Quinta-feira, Abril 25, 2024

Populismo, Cidadania e Tecnologia

João de Almeida Santos
João de Almeida Santos
Director da Faculdade de Ciências Sociais, Educação e Administração e do Departamento de Ciência Política, Segurança e Relações Internacionais da ULHT

Para onde caminhamos?

A propósito deste tema, fui revisitar os dois sites do “Movimento5Stelle”: o de Beppe Grillo, o líder, e o do próprio M5S. E fui porque, na verdade, este Movimento disputa hoje com o Partido Democrático a liderança em eleições legislativas, encontrando-se (na média de 4 sondagens realizadas entre 31.07 e 13.08) empatados com pouco mais de 27%, sendo certo que, mais à direita, a Lega Nord, juntamente com Forza Italia e Fratelli d’Italia, já ultrapassa qualquer um destes dois partidos.
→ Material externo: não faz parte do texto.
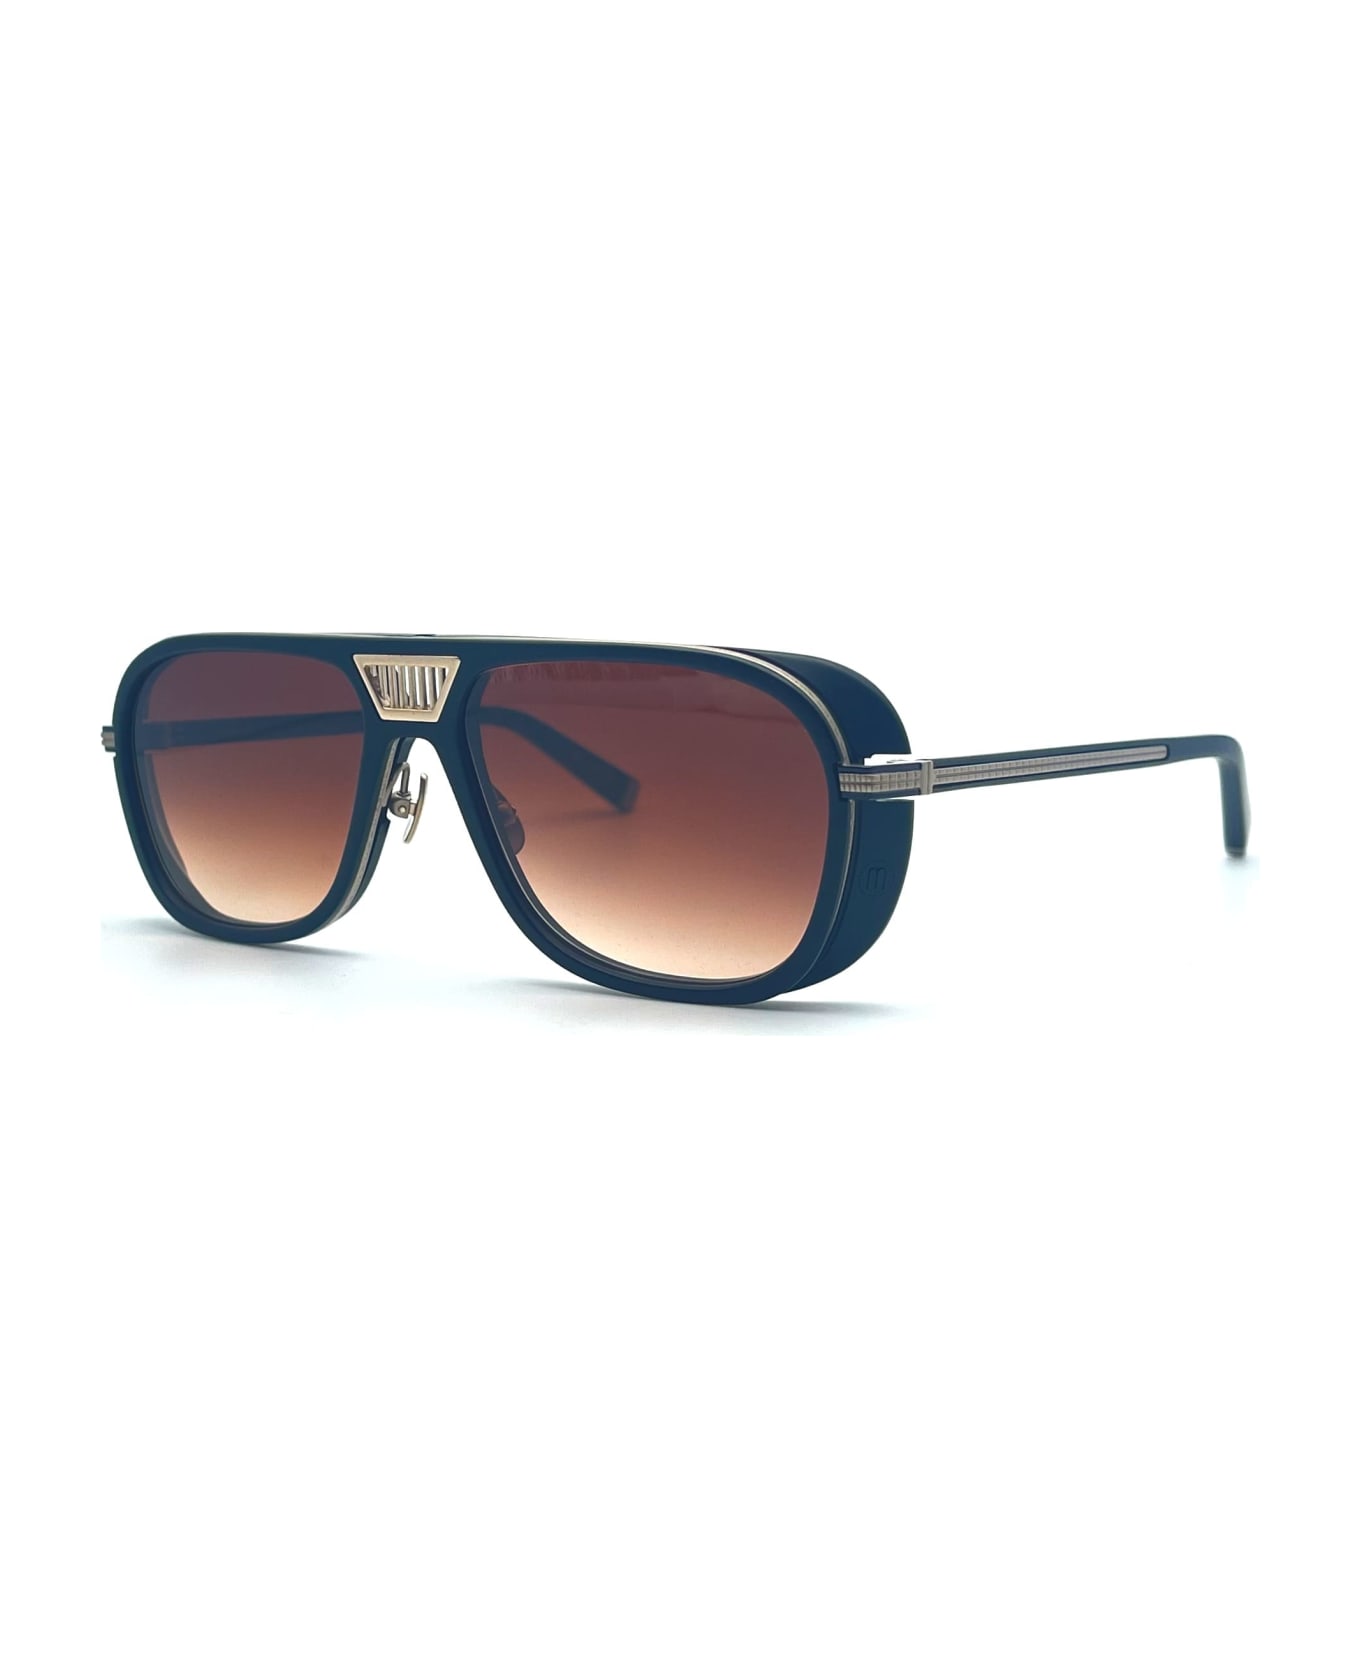 Matsuda M3023-v2 - Matte Gold Sunglasses - Matte black
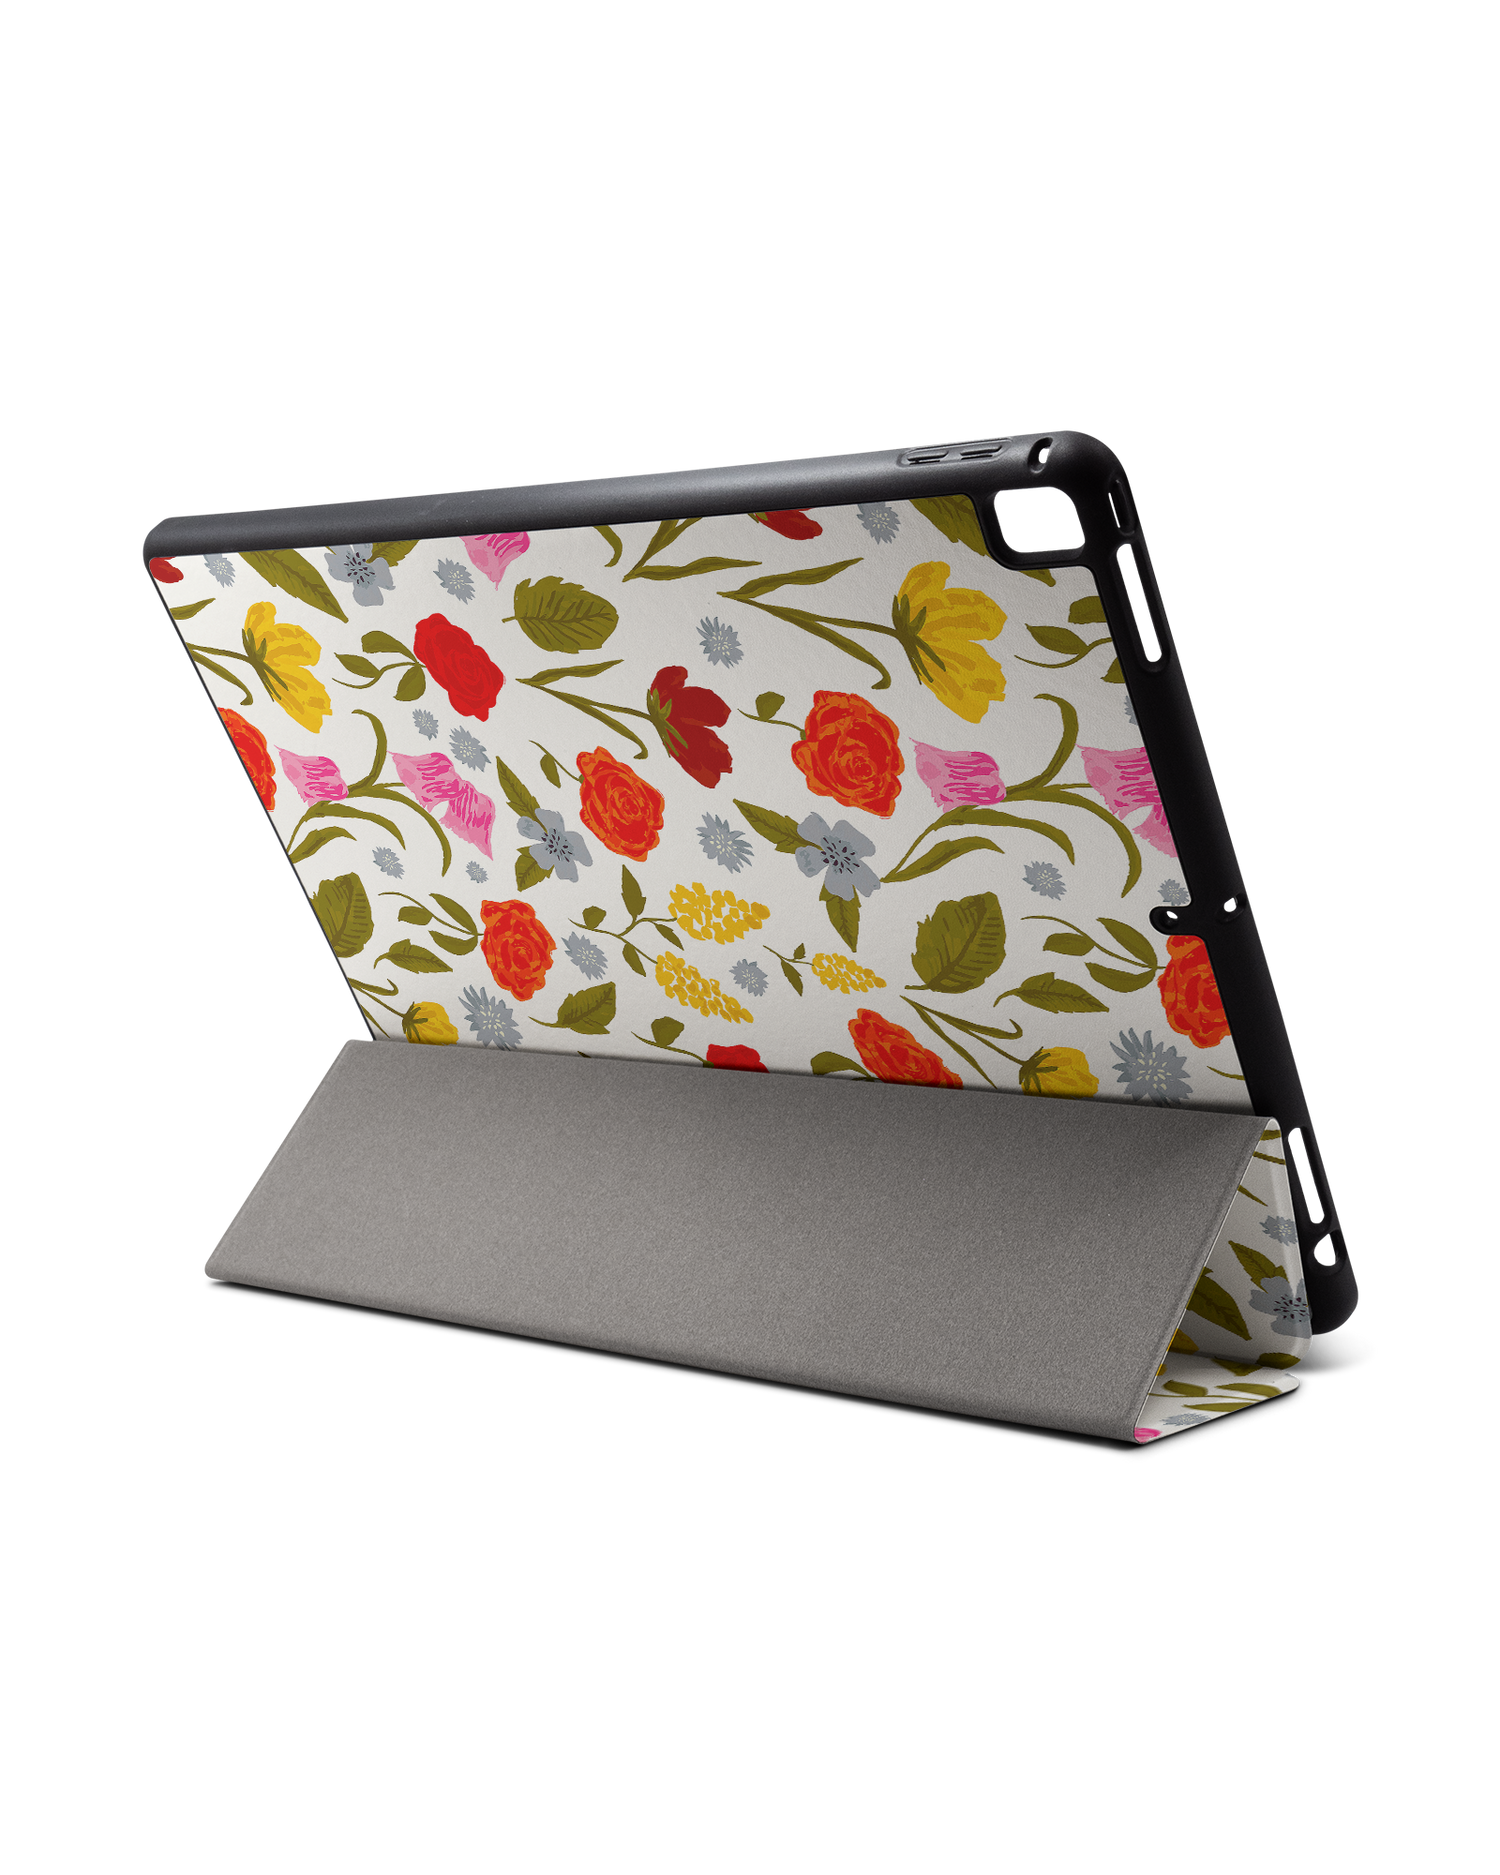 Botanical Beauties iPad Hülle mit Stifthalter für Apple iPad Pro 2 12.9'' (2017): Aufgestellt im Querformat von hinten

Assim sendo, o M5S pode legitimamente aspirar à conquista da maioria relativa nas próximas eleições legislativas italianas (previstas para 2018). E, por isso, torna-se verdadeiramente interessante olhar para algumas das propostas políticas que este Movimento vem formulando, não só pelo que já representa em Itália, mas também pela sua novidade: democracia directa; cidadania digital (identidade online reconhecida pelo Estado); referendos sem quorum e propositivos que permitam aos cidadãos propor novas leis sem a intermediação dos partidos; voto aos 16 anos; limitação dos mandatos parlamentares a dois; redução do número de parlamentares; referendo obrigatório quando houver alteração aos Tratados da União Europeia; fim do equilíbrio orçamental como obrigação constitucional; fim do tratado de estabilidade, coordenação e governança da união económica e monetária.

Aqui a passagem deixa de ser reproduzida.